エリート外交官の激愛~秘密の一夜で身ごもった子ごと愛されています~
「そういえば、『やっちゅける』とか『たまちいをこねりゅ』とか言ってましたね。お母さん、さすがです。海翔くんがお絵かき好きになってくれて嬉しいです」

「ちょっと極端ですけどね……」


首をすくめて苦笑いした瑞希は、視線を海翔に戻した。

短くなった赤いクレヨンを小さな手で握りしめ、真剣な目をした海翔が画用紙にグルグルと円を描いている。

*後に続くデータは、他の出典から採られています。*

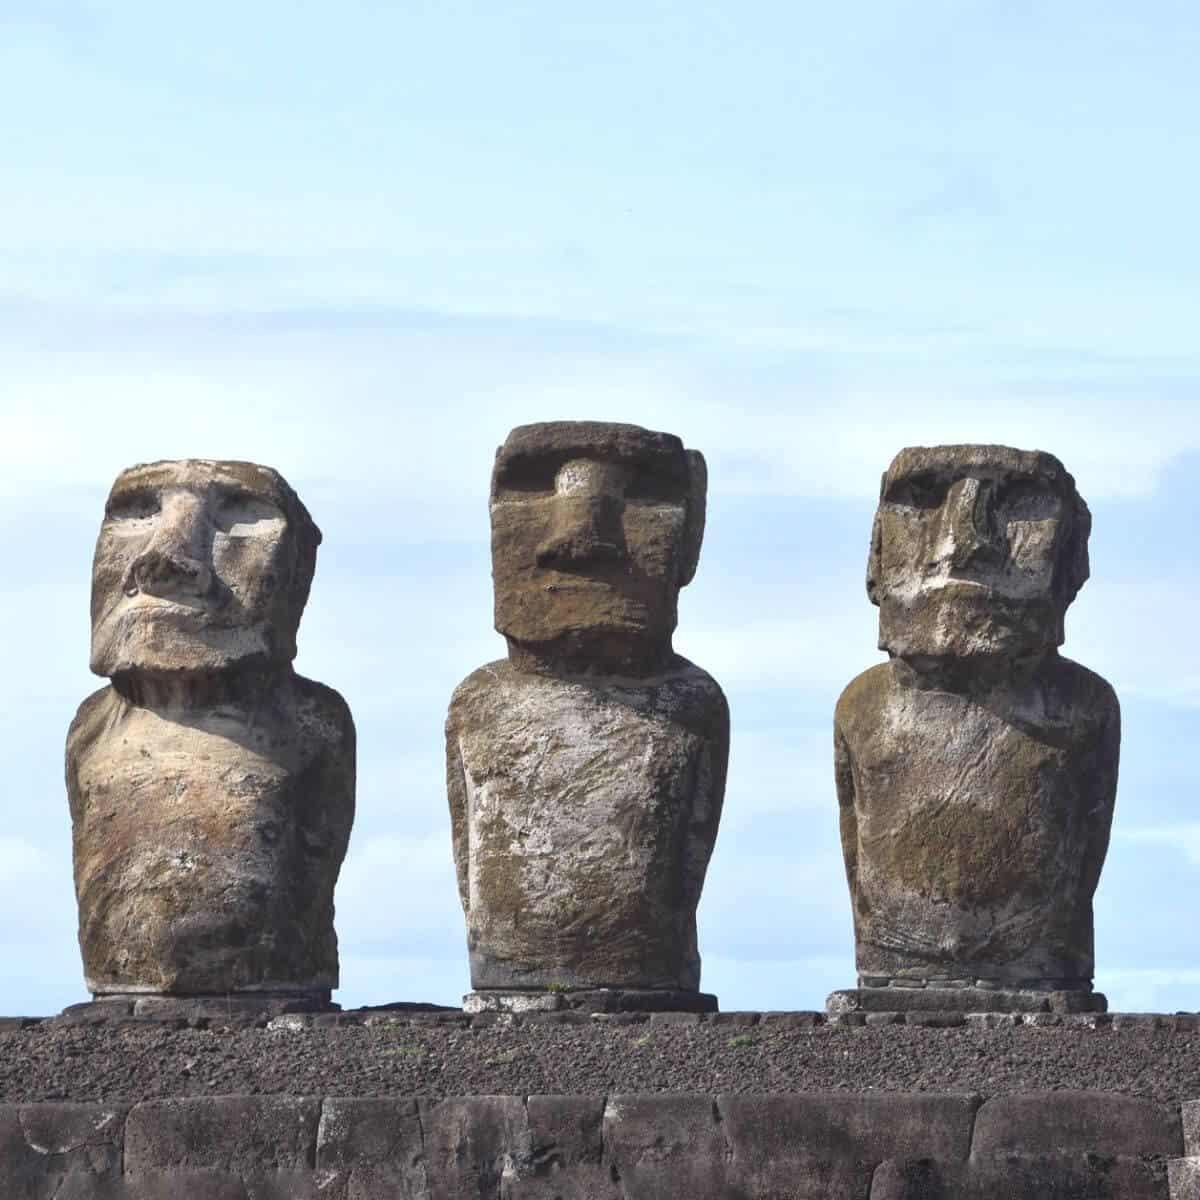 Three moai statues in Easter Island.
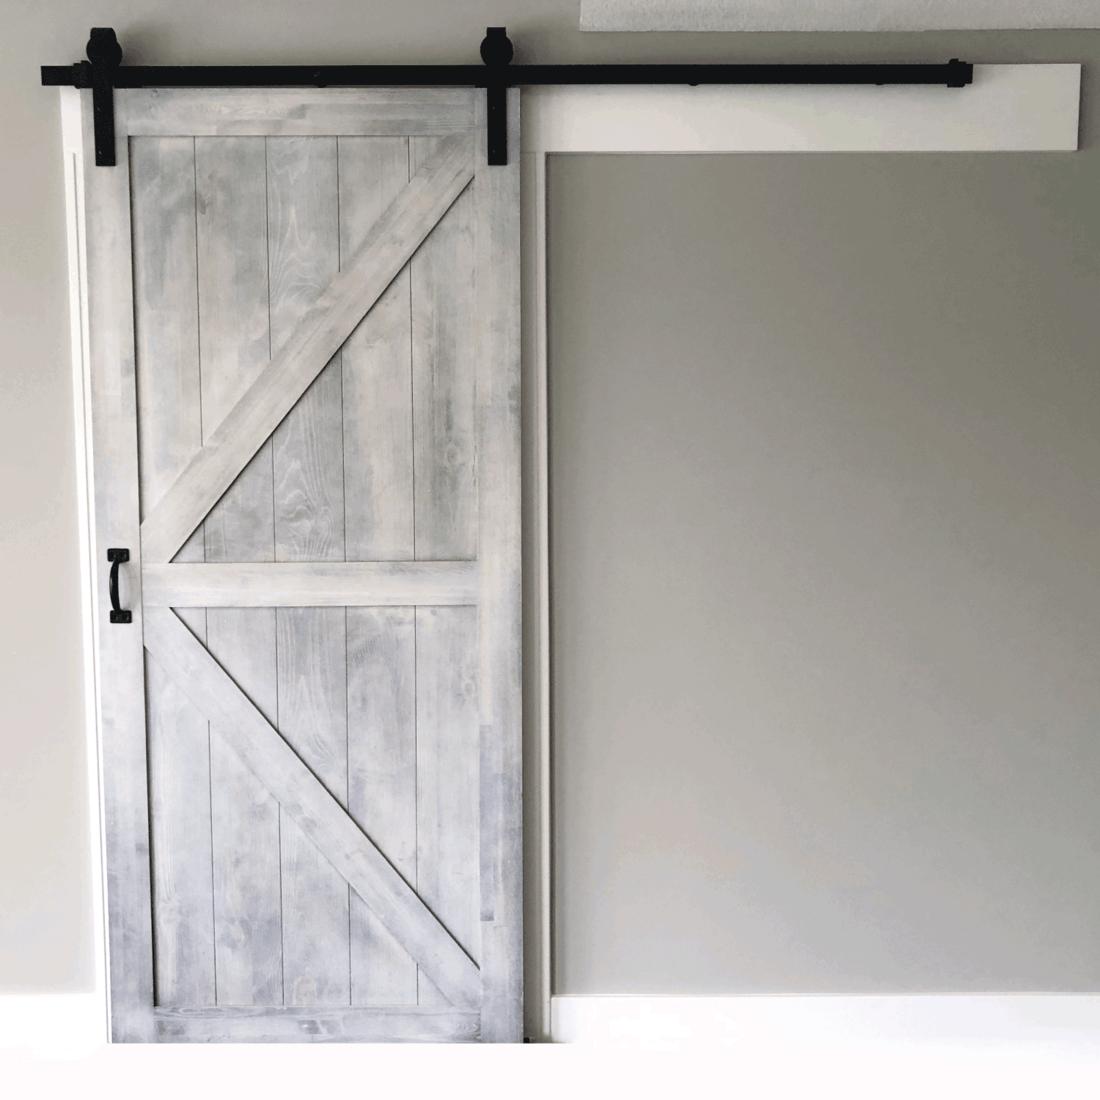 Whitewashed Barn Door

お迎えにも気づかない集中力に、瑞希は驚き感心していた。

(二歳でこの集中力。ただものじゃない予感。布施さんに似たのかな)

海翔の顔のパーツは、瑞希より布施に似ていると思っていた。

今は可愛らしいが、将来的に美男子になりそうな整った目鼻立ちをしている。

イヤイヤ期に突入した二歳児では、クールな布施と性格が似ているとは思えなかったが、集中力も布施譲りかもしれない。

外交上の問題発生で省内に緊張が走った時、問題解決に向けての道筋を作っていた布施が怖いくらいの集中力を発揮していたのを思い出す。

海翔と布施が重なって見えて、瑞希の目が潤みそうになった。